Return the lines of the material below exactly, beginning with the line that has "Como limpiar muebles de madera" in it and finishing with the line that has "White peplum dress Short, white" in it. Leave all pictures aside.

### [PROVIDED DATA]

★ ★ ★ ★ ★ ★ ★

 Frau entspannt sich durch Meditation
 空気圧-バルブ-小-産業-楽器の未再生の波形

★ ★ ★ ★ ★ ★ ★

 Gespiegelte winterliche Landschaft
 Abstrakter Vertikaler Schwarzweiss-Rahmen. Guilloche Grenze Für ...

★ ★ ★ ★ ★ ★ ★

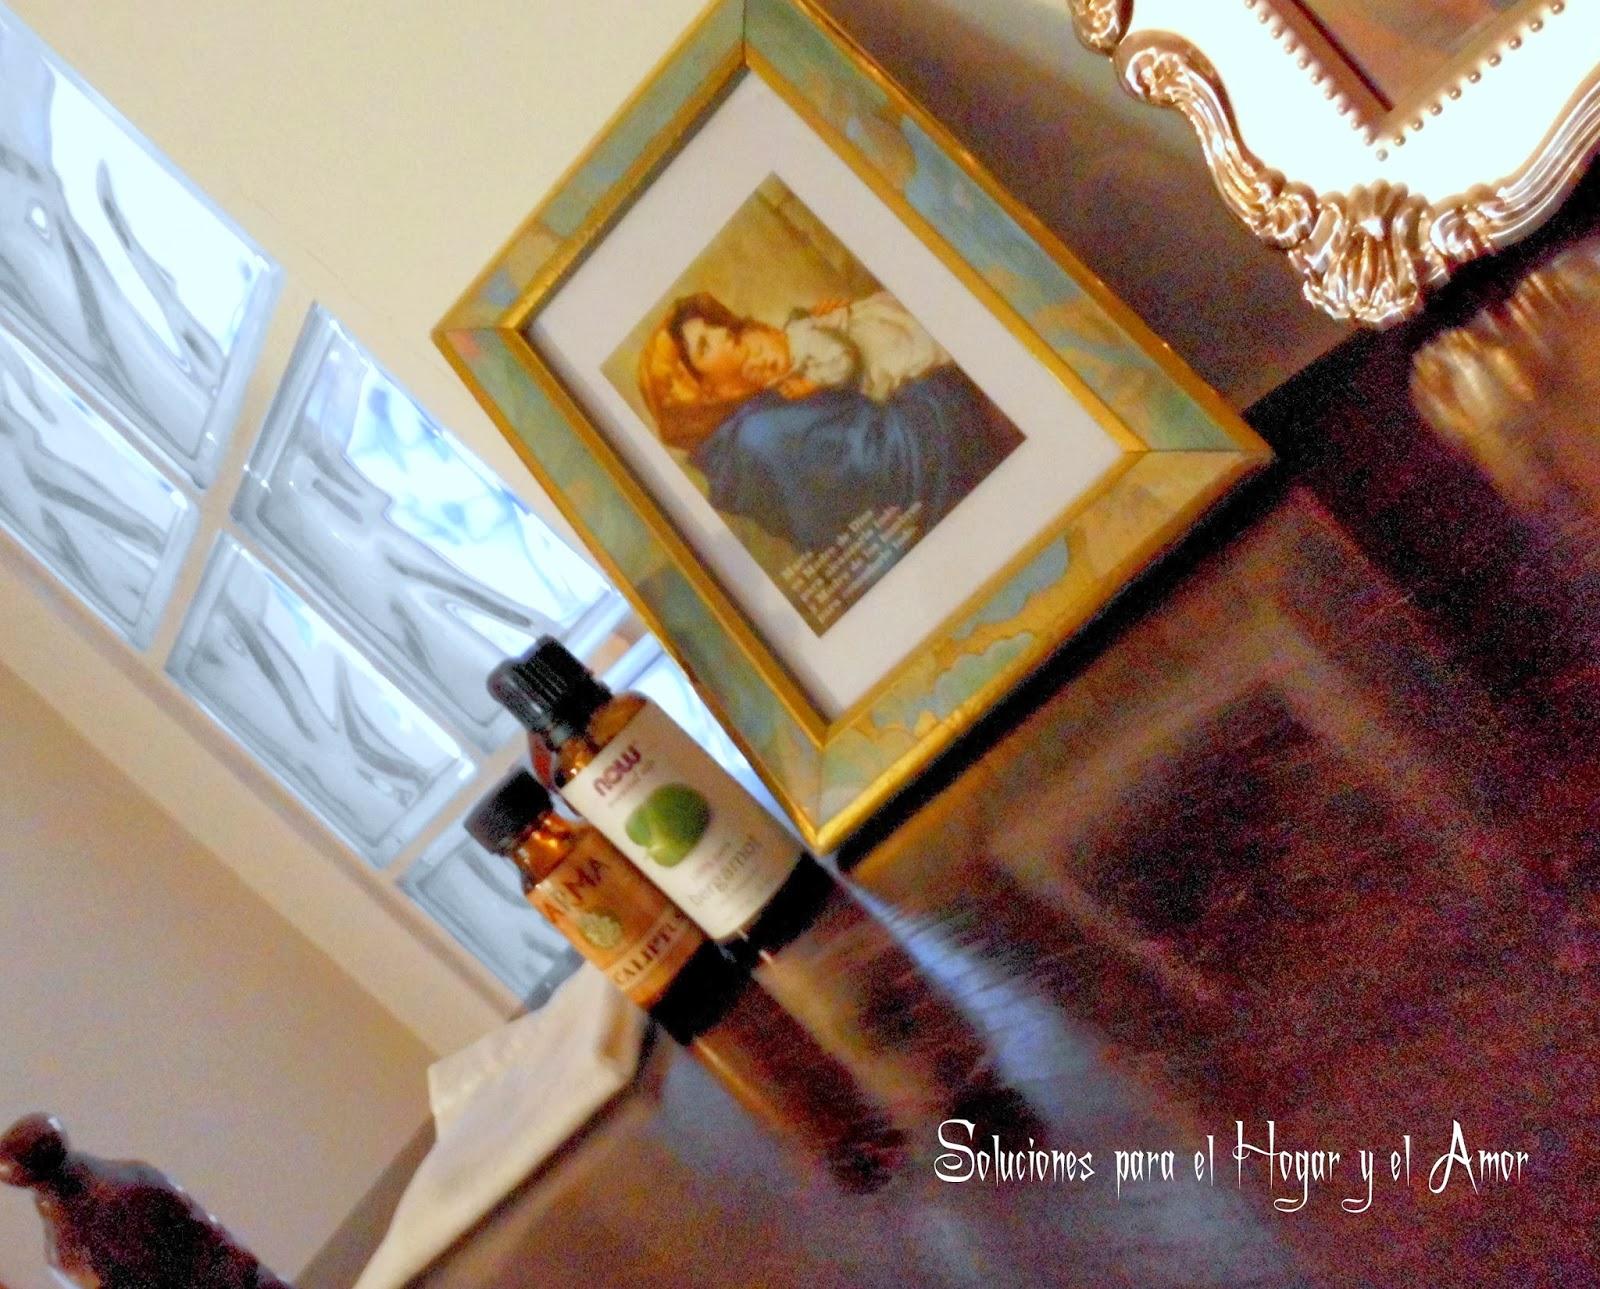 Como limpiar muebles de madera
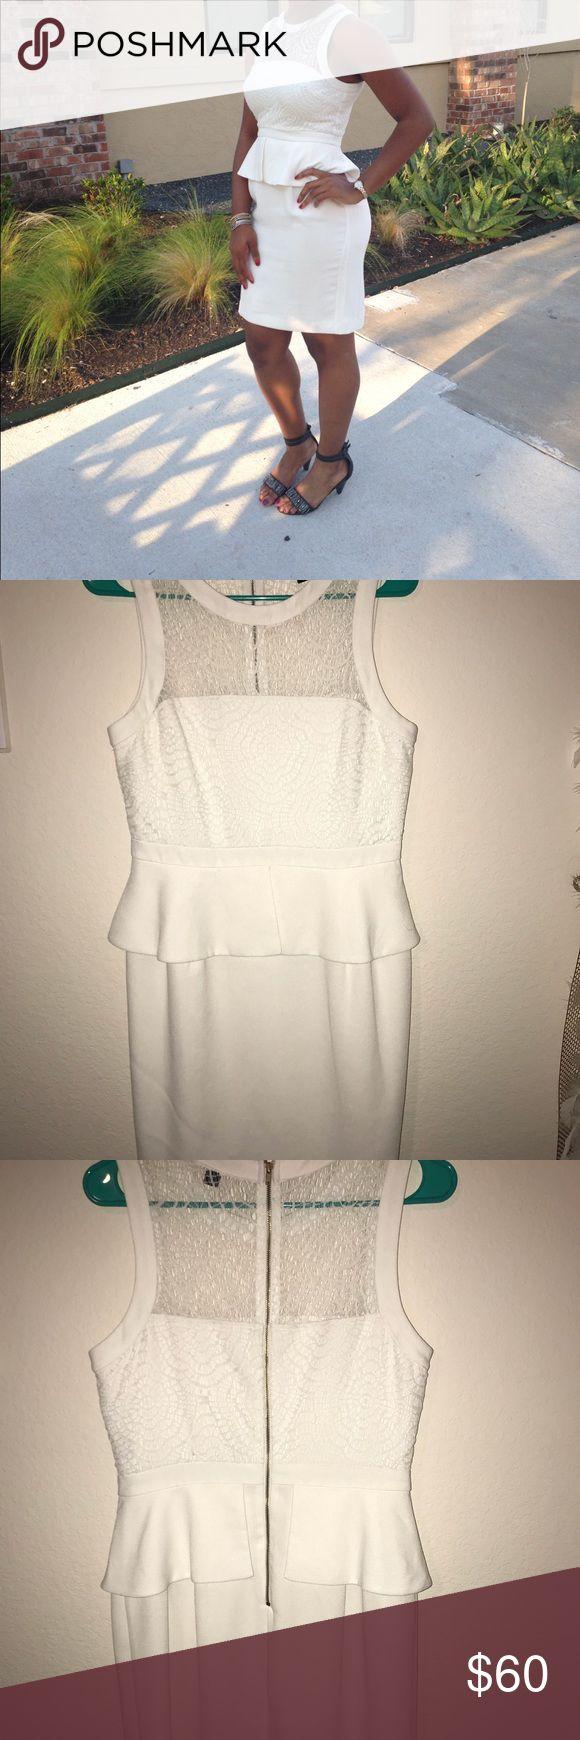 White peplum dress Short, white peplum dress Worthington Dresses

★ ★ ★ ★ ★ ★ ★

### [ANSWER TO THE PROBLEM]
 Como limpiar muebles de madera
 White peplum dress Short, white peplum dress Worthington Dresses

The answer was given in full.